Thursday, August 13, 2009

Japies vs Prawns in J-Berg

So I headed along to the Myspace Black Curtain screening of the much-hyped buzz-film-of-the-moment District 9 last night, and I'm happy to say it delivered. But before I go into the film, just wanted to say that whoever's handling these screenings should really clarify the process of obtaining these free passes. Like, tell us EXACTLY what to actually do. I had to text four or five times to RSVP before I figured out how it worked (you had to reply with the town you're in...). It also doesn't tell you what to do with the text when you get to the theatre; are we suppose to exchange it for a ticket? For Black Curtain newbies reading this, when you get there there'll be a Myspace rep waiting with a clipboard with all phone and ticket numbers of people who RSVPed - tell them yours and they'll stamp your wrist. What's kinda silly is giving you the coupon for free popcorn when you're doing this, because it means you have to go all the way back to the snack bar - thus losing your place in a queue - to get your popcorn. Anyway.

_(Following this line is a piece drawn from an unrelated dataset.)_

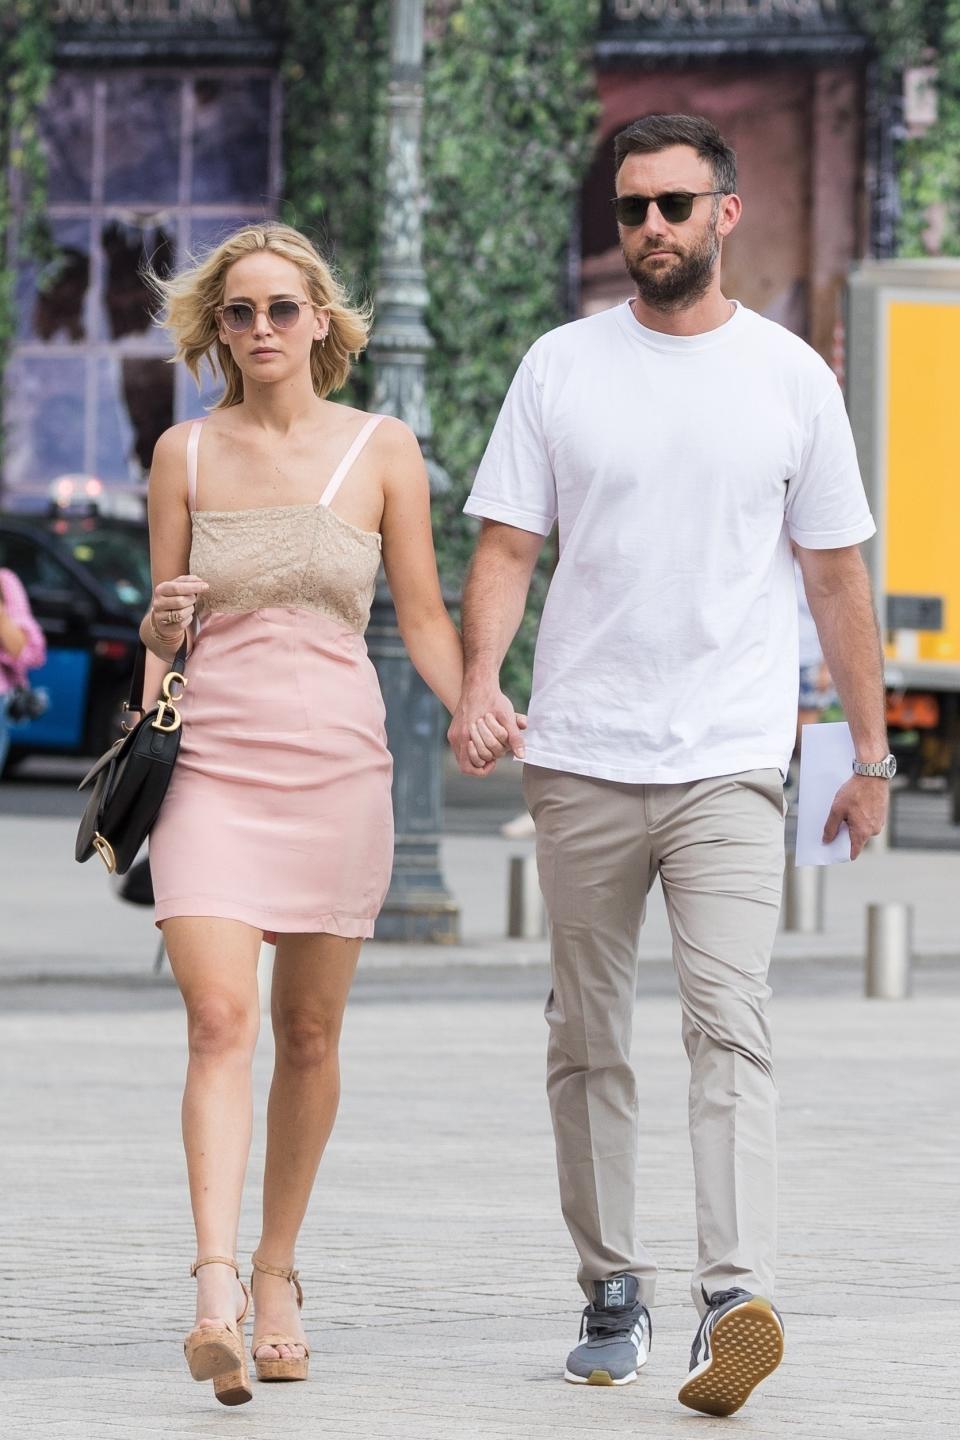 the two hold hands as they walk down the street

District 9. I'm not ready to call it a classic/masterpiece/amazing just yet, but it was ENORMOUSLY enjoyable, pure adrenalised non-stop fun for two hours. It hit the ground running from the very first frame and rarely stopped until the explosive, wall-to-wall-action finale. If you don't know the story - and it's best to know as little as possible - the basic idea involves a population of shellfish-like aliens ("prawns") who are forced to live in the slums of Johannesberg when their mothership mysteriously stopped above the city in the early '80s.

The film begins as a faux-doco piece establishing the scenario, and it's here where District 9 really excels in terms of smart ideas and writing: the backstory is so brilliantly fleshed out with straight-faced talking heads, faked archival news footage and timely-seeming socio-political crises, we buy every frame of it. The more trad second half of the film doesn't have as much to offer for thought, but it's a thrilling, nerve-jangling straight-ahead chase/shoot-'em-up handled with relentless urgency by director Neill Blomkamp. The CGI is superb - love the mothership hanging ominously over everything, and the aliens blend really well with the humans. And the fact that it was all done for only US$30 mill makes it all the more impressive. It certainly blows every other "big" film away this year (I'm looking at you Transfomers 2/G.I. Joe). I'm not going to say anymore, just go see it (Trailer: here).